- [Task goal]
Taking the line with "2000 Fender Japan" as the first and the line with "Anablolic Muscle Gain" as the last, set down the lines below exactly, pictures excluded.

*** Opening Data for analysis ***

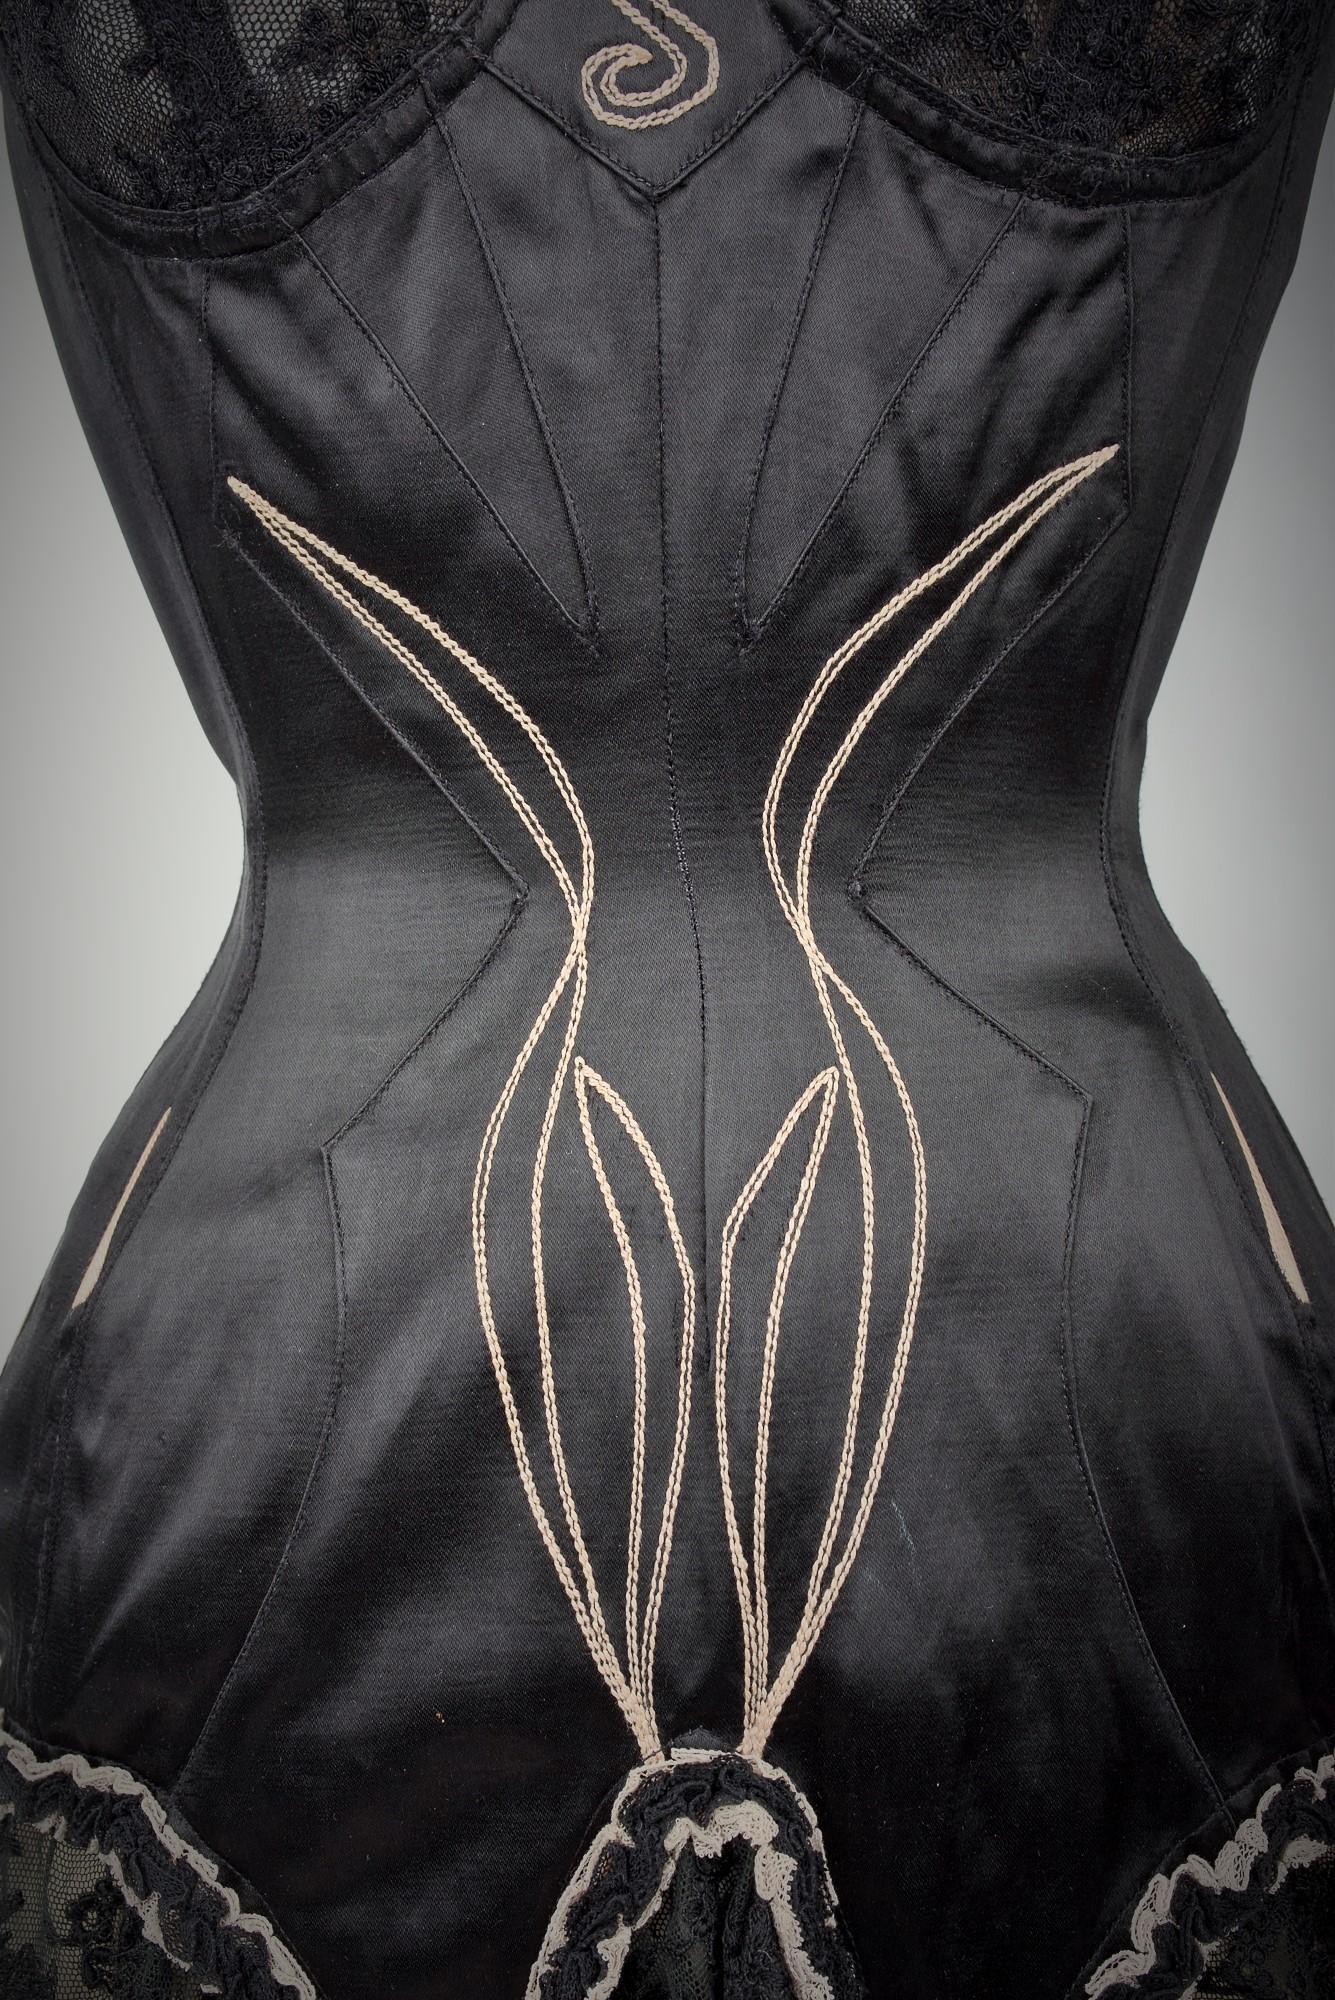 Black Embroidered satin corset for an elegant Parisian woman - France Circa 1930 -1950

*** Closing Data for analysis ***
*** Opening Data for analysis ***

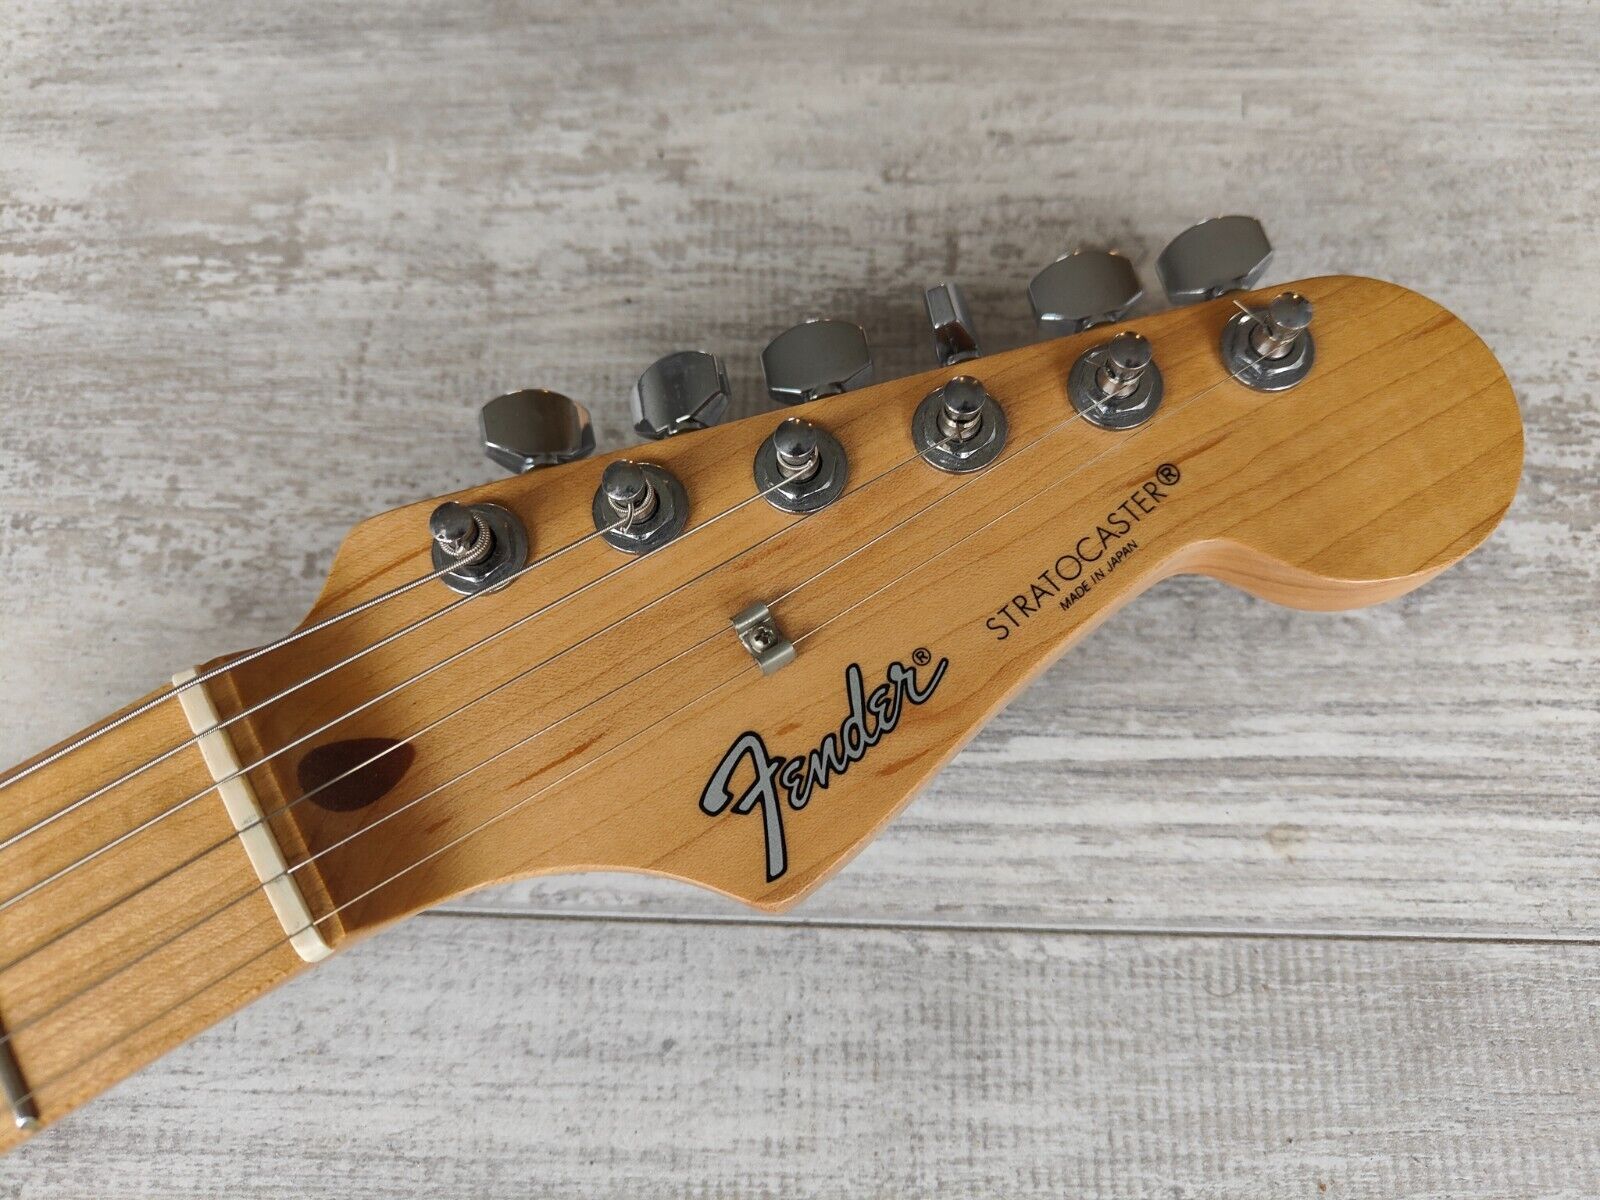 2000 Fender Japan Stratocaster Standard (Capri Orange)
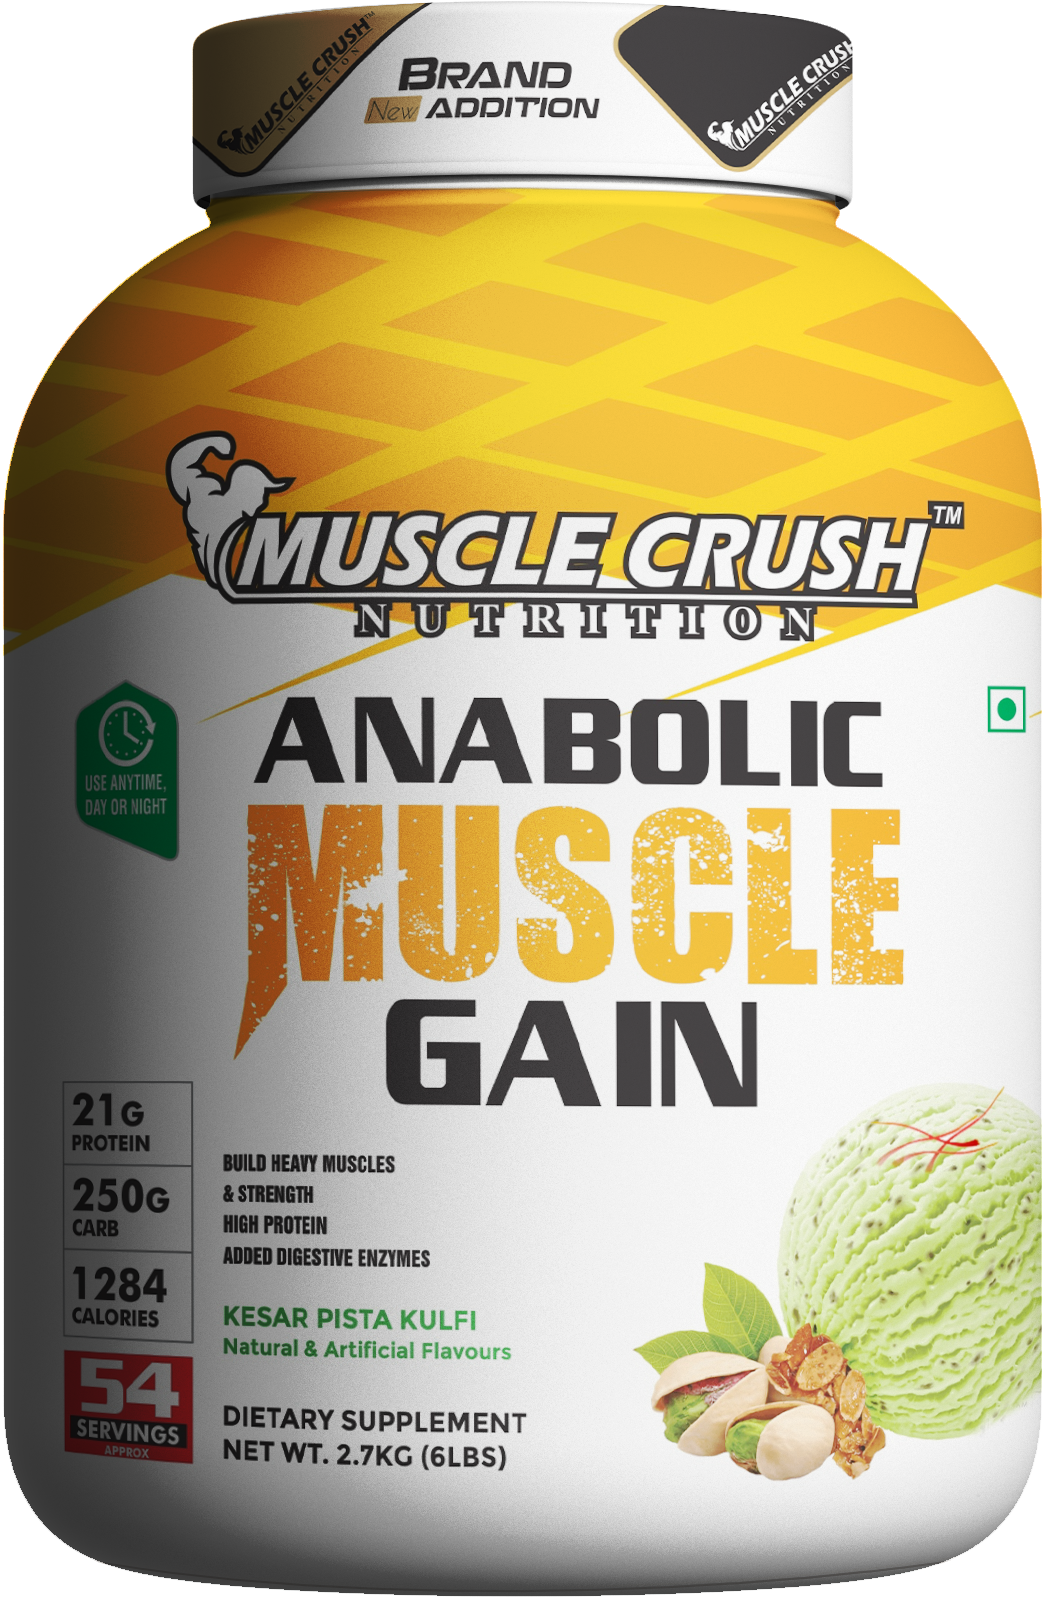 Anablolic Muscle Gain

*** Closing Data for analysis ***
*** Opening Data for analysis ***

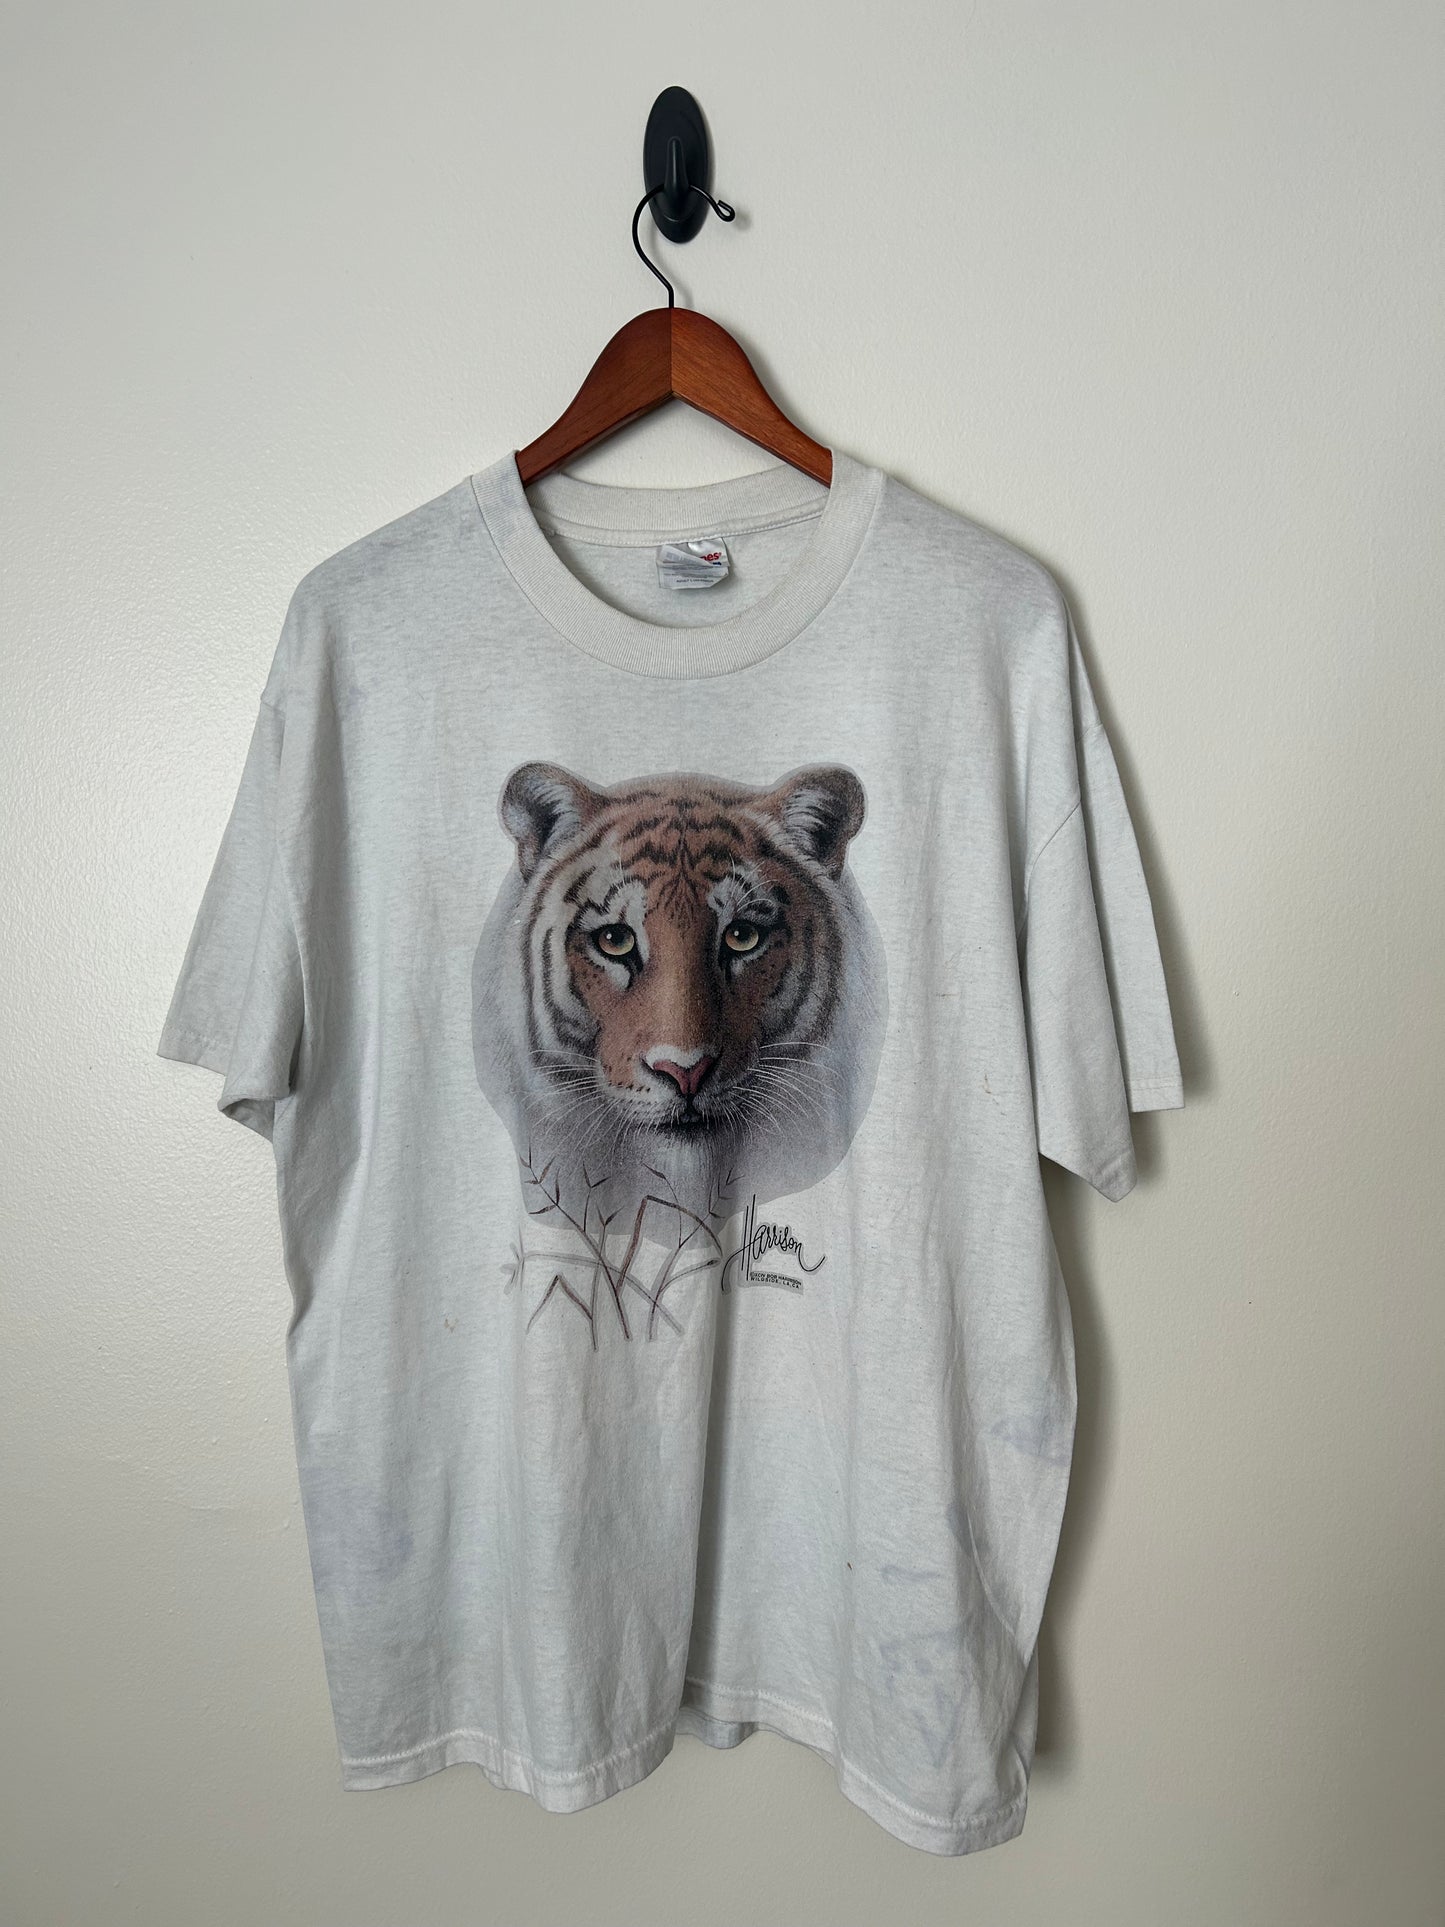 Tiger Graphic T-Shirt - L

*** Closing Data for analysis ***

- [Response for this exercise]
 2000 Fender Japan Stratocaster Standard (Capri Orange)
 Anablolic Muscle Gain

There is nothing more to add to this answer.